The Church of England encourages its members to think through issues themselves in the light of the Christian faith and in dialogue with the wider Christian tradition. Nationally and locally, the Church of England seeks to support its members in their explorations in discipleship through encouraging participation in social institutions where moral and ethical issues arise. As an established Church, the Church of England seeks to develop debate and dialogue with a wide range of social institutions in order to explore the contribution which Christian ethics can make to the life of the nation. This paper is offered as a resource for these purposes.

The public has expressed enormous concern at the prospect of genetically modified organisms, and this needs to be taken seriously. Much of this concern, more or less well articulated, arises from a sense that genetically modified foods are radically unnatural. This paper attempts to clarify the scientific facts and the theological and ethical issues arising from them in order to assist clear thinking in this area.
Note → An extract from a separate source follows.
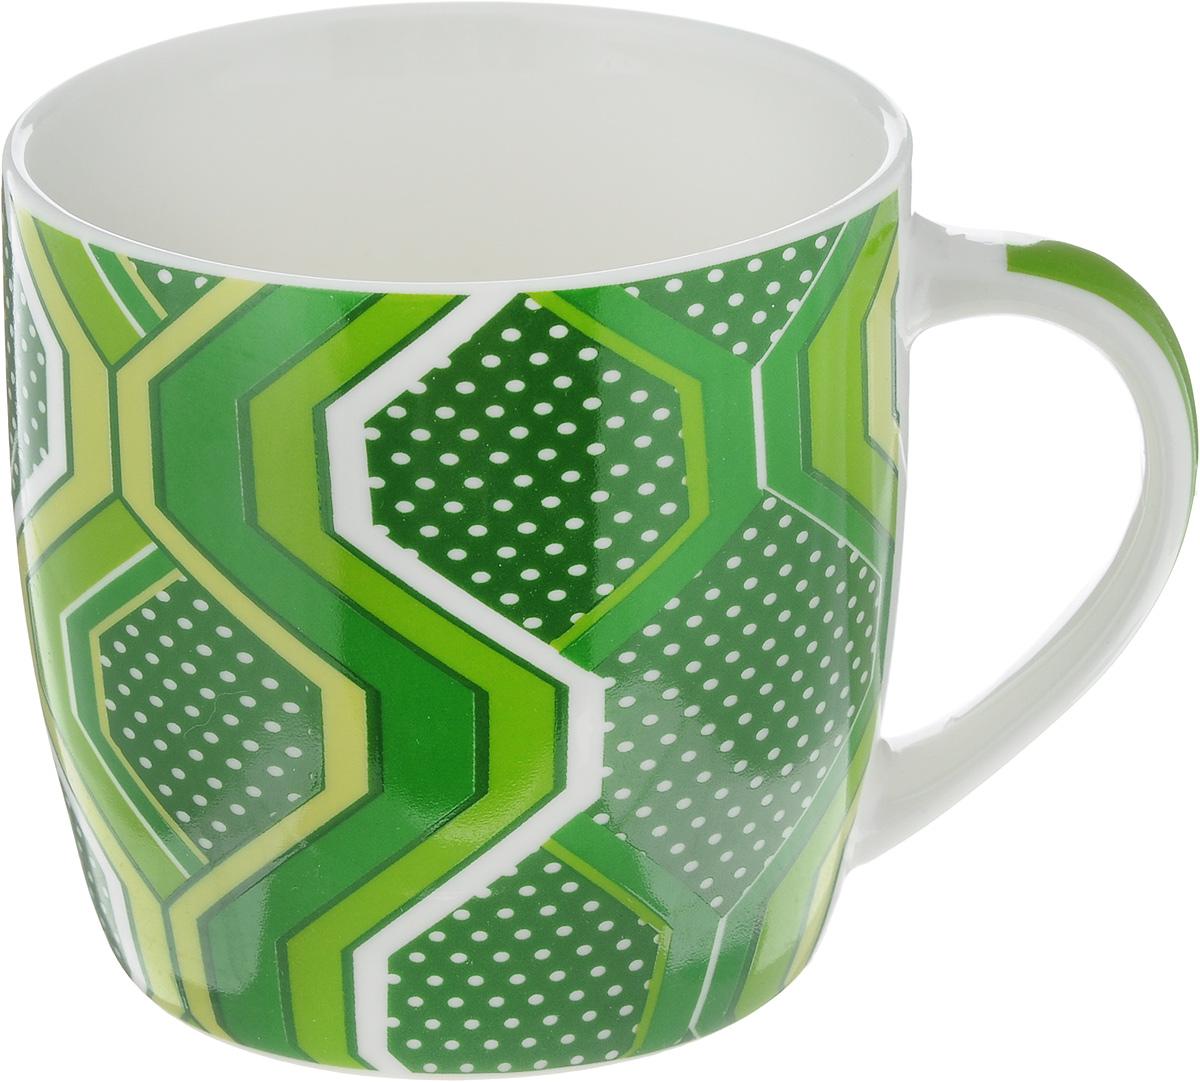 """Кружка """"Loraine"""", цвет: темно-зеленый, 320 мл. 24487"""
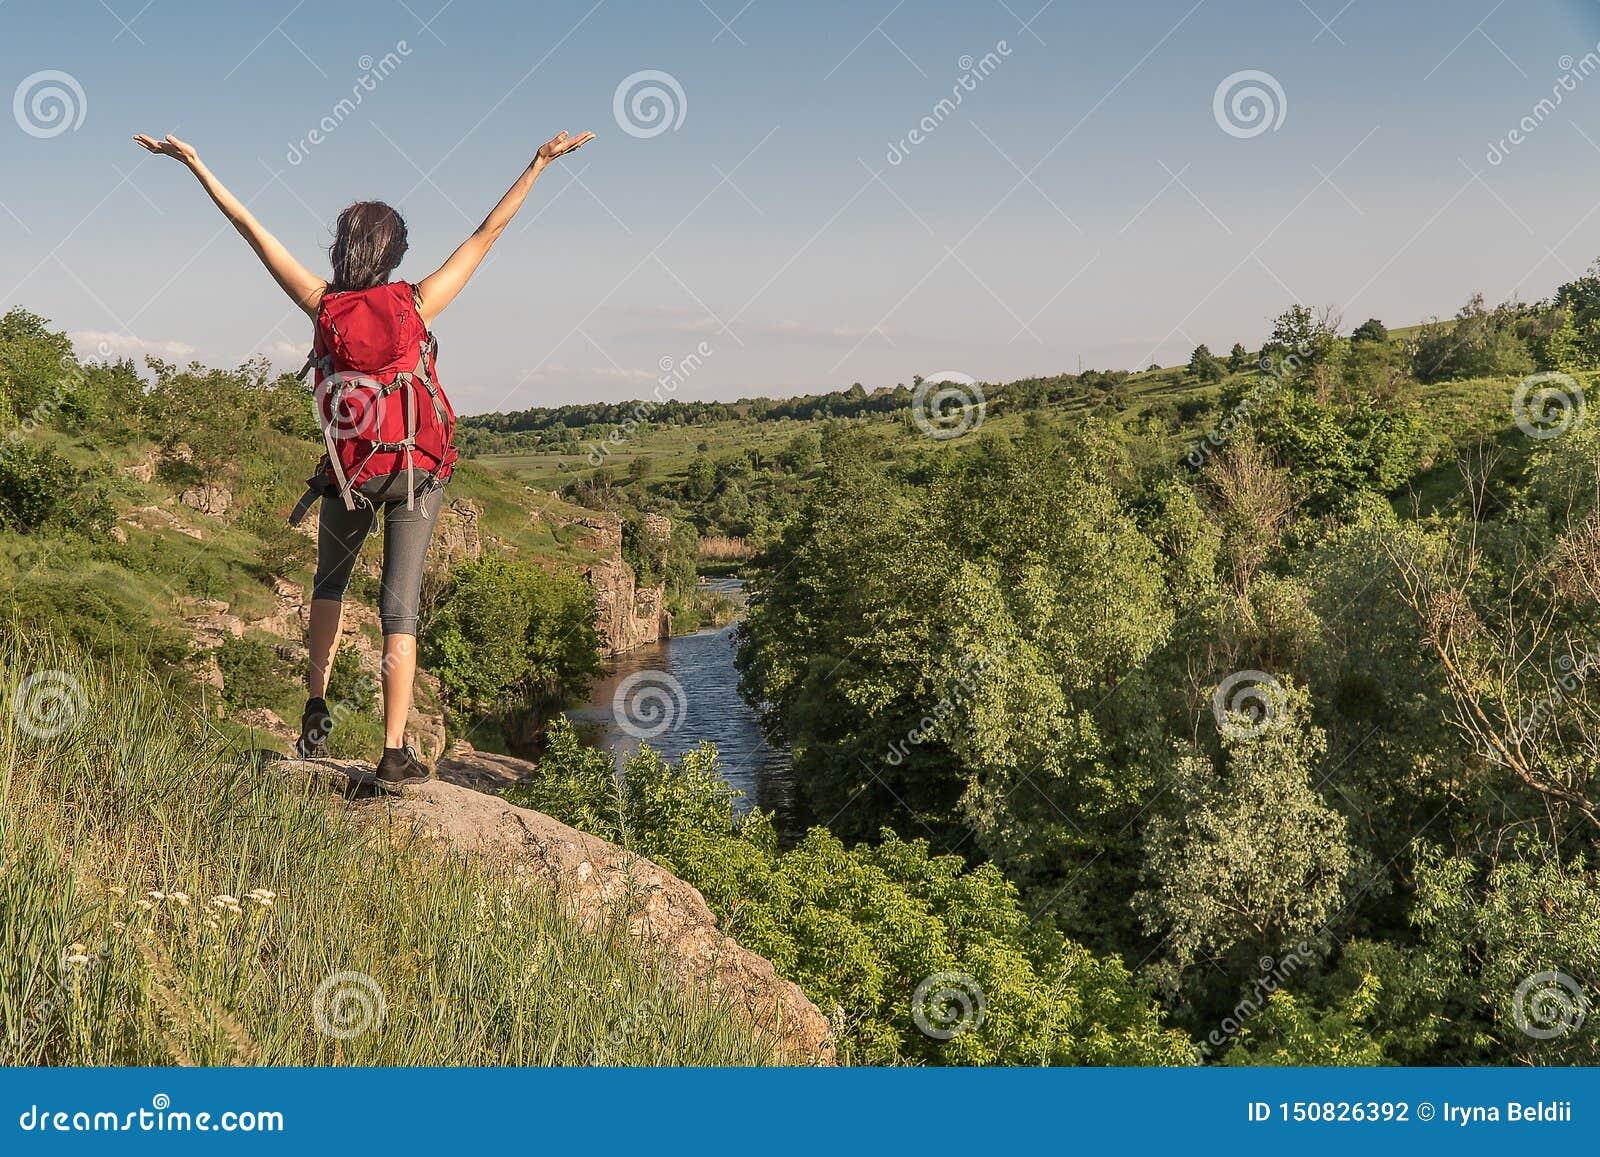 La muchacha viaja Muchacha con una mochila grande mochila touristred

Foodstuffs have been derived from genetically modified plants and animals ever since the time when agriculture began and selective breeding turned wild cereals into cultivated crops and wild animals into domesticated herds. However, the use of the phrase 'genetically' Modified organisms (GMOs) is usually reserved for plants, animals and micro-organisms that have been modified by genetic engineering in ways that could never be achieved by natural breeding. For example, a gene from a fish could be inserted into a tomato. Present and foreseeable uses of these techniques are limited, in that:

a. they involve only small transfers of genetic material, often just a single gene which is correlated with the production of a specific protein;

b. for the purposes connected with foods, the transfers envisaged are principally into plants. GM of animals is a more difficult procedure and current uses concentrate on medical applications, employed for the production of therapeutically valuable proteins. However, in due course GM animals may be introduced into the human food chain.

Although it is common parlance to talk of genes as carrying 'information', it is important to recognise that the genetic code is only meaningful in the context of the whole cell within which a gene is operating. Some have, therefore, suggested that genes in themselves are simply complex chemicals and that their biological significance derives from their cellular host. On this view, a gene derived from a human being but transferred to a plant would be a gene of human origin' but functionally, and ethically, a gene of the plant that contained it.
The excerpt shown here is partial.